Edmund Shing, chief investment officer at BNP Paribas WM, explains how “gold is one of our favorite assets. We have been bullish on gold for quite some time and continue to be so, as we believe the rally is not over yet. There is many purchases by Asian investors, by central banks and now by Western investors through exchange-traded funds,” highlights the expert, confirming the attractiveness of the metal for investors from all over the planet.
For his part, Carsten Menke, head of Next Generation analysis at Julius Baer, also believes that the rally in precious metal prices should not end after breaking new all-time highs. “India’s gold imports, which soared in August following the tariff cut, have normalized in September. While this increases the potential to see declines in the metal, we still see a positive fundamental backdrop for gold, with a cooling US economy and prospects of lower rates, which could lead more Western investors to flock to the precious metal,” Menke notes.
Investors would be following the logic that praises gold as an attractive asset when the economy cools, and The Fed’s rate cut only increases the metal’s attractiveness, as other assets, such as fixed income, reduce their returns for investors as a result of lower rates.

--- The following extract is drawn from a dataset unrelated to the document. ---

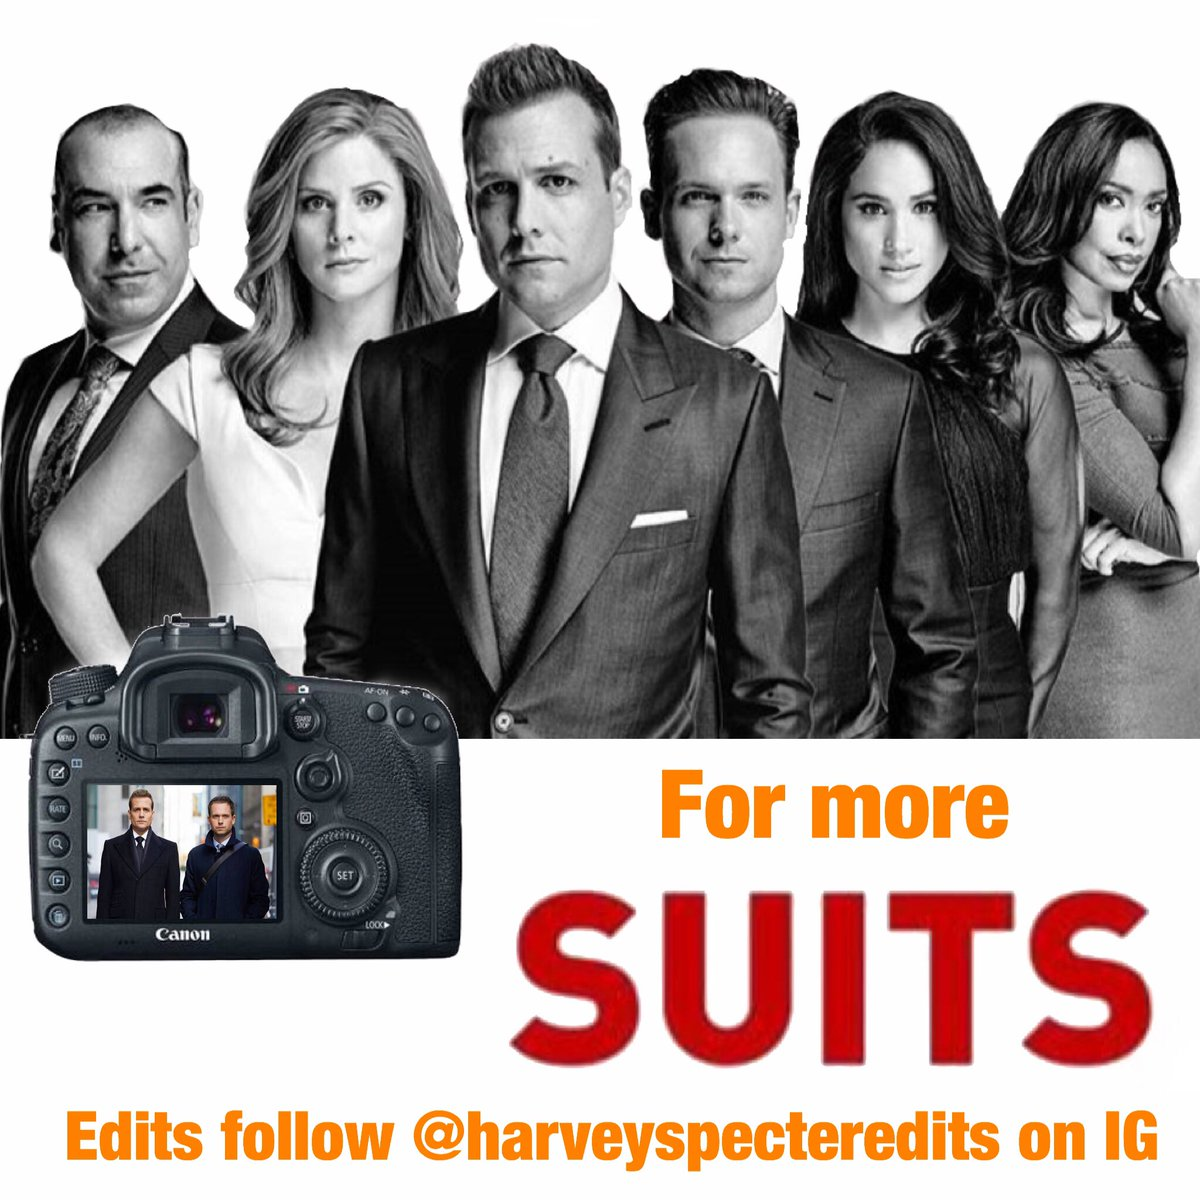 Go follow my #harveyspecter account on instagram! @harveyspecteredits <br>http://pic.twitter.com/w4dXw7aqCU

A historical source of high profitability
At first glance it might seem that gold, as a safe haven asset, cannot compete in the long term with the returns offered by riskier assets, such as the US stock market. However, Edmund Shing reminds us that this perception is a mistake: “Since 2000, gold has been the most profitable asset class among the majors, better than the stock market, bonds, real estate… anything. And that, even though it doesn’t give any return. In the end, it’s a great asset to have to store value; it protects you against inflation, regulatory changes, political crises… anything,” he explains. “In the world we live in, with so much political uncertainty, this is still present,” Shing recalls.
The data is striking: not only has gold outperformed such a profitable asset in the long term as the S&P 500; In the last 24 years, it has far surpassed it, with an annualized return of almost 9.5% for the precious metal, compared to the 5.9% annualized return that the US stock market index has offered. To get an idea of what a good investment the metal has been, the Eurostoxx 50 on the European stock market reaped 0.11% annualized in the same period, the dollar 0.14% annualized, and the emerging stock market 3.36%. annualized, well below the returns that the metal has left.